As the global economic and geopolitical landscape continue to evolve, so does the nature of financial risk and insurance priorities. Global trade is undergoing significant changes with the introduction of new tariff regimes and trade agreements reshaping commerce, redirecting trade flows and creating new patterns. These shifts bring a changing risk profile with them, one that credit (re)insurers must continually assess and adapt to. 

Change in demand in trade credit insurance

The trade credit (re)insurance industry is feeling the weight of this change. With rising global insolvencies and several industries experiencing sluggish growth, credit risk is elevated. Yet, there is no significant uptick in new demand for credit insurance cover taken out by suppliers to protect them against buyer defaults. Due to global uncertainty, companies are reassessing their risk management strategies but not to the extent of driving a surge in policy uptake. 
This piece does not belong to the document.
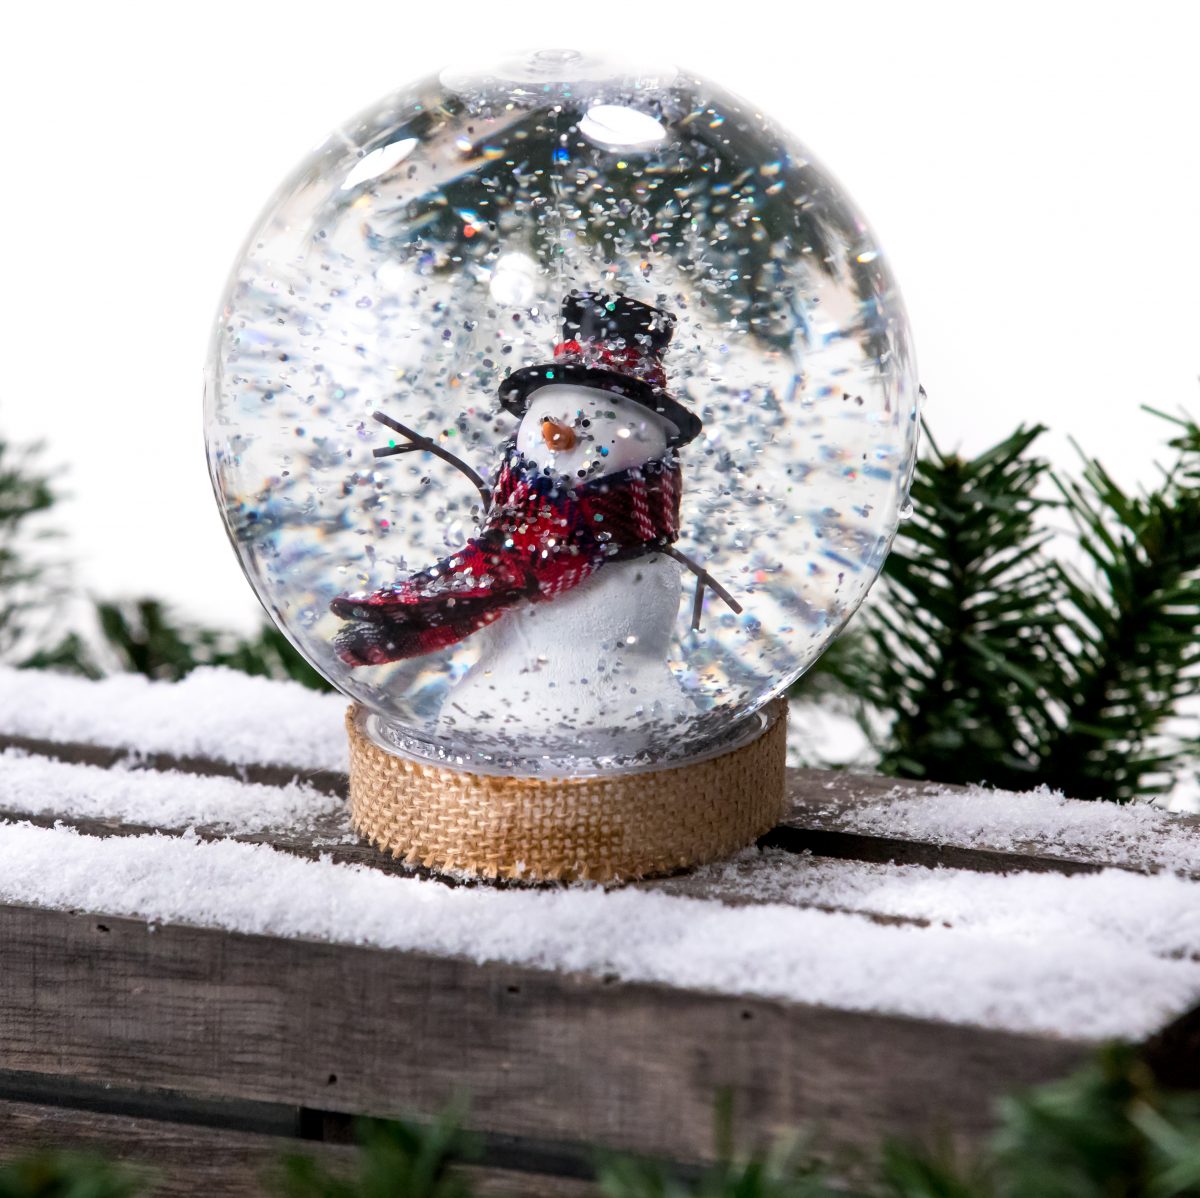 Homemade snow globe craft project

However, there are still meaningful growth opportunities in the trade credit market as insurers aim at a higher penetration into the SME sector, banks using credit insurance to mitigate default risk of large trade finance and receivables portfolios and bespoke solutions for B2B or B2C digital trading platforms. A potential change in the US bank regulation to qualify credit insurance for full capital relief could unlock huge demand for the product in the country.

Trade credit insurers will need to remain agile, offering flexible solutions without conceding on the very high credit quality of their portfolios in order to maintain relevance in a highly competitive market.

Rising opportunity in surety insurance

In contrast, the outlook for the demand for surety is optimistic. The growth is fuelled by significant local investment and a global shift toward infrastructure development. In the United States, the surety market is thriving, driven by a renewed focus on domestic capital investment and industrial growth. This expansion is creating abundant opportunities in infrastructure and public sector projects leading to a booming surety market. 

The European market also shows strong potential. Germany’s recent announcement of a €500 billion infrastructure fund marks a change in its fiscal approach, likely to generate a significant increase in demand for surety. Similarly, the EU commitment to allocate five percent of its budget to defence by 2035 suggests a wave of new defence and infrastructure projects that will require private sector involvement and opening the door for a higher surety insurance demand.

Long term trends and way forward

While new market entrants are emerging in both lines, the dynamics are different: trade credit insurance as a discretionary product is challenged with unlocking untapped customer segments, whereas the largely compulsory surety product continues to attract steady and growing public demand. 

The single transaction-based Credit & Political Risk Insurance (CPRI) market is also facing its own dynamics of change not discussed in this analysis.

At LM Re, we are committed to supporting clients across the spectrum of financial risks. Our long-term vision enables us to navigate shifts in the global market. By maintaining a strong expertise in trade credit, surety and CPRI along with other financial risk products, we are well-positioned to embrace evolving dynamics and provide clients with technical expertise and flexible reinsurance solutions.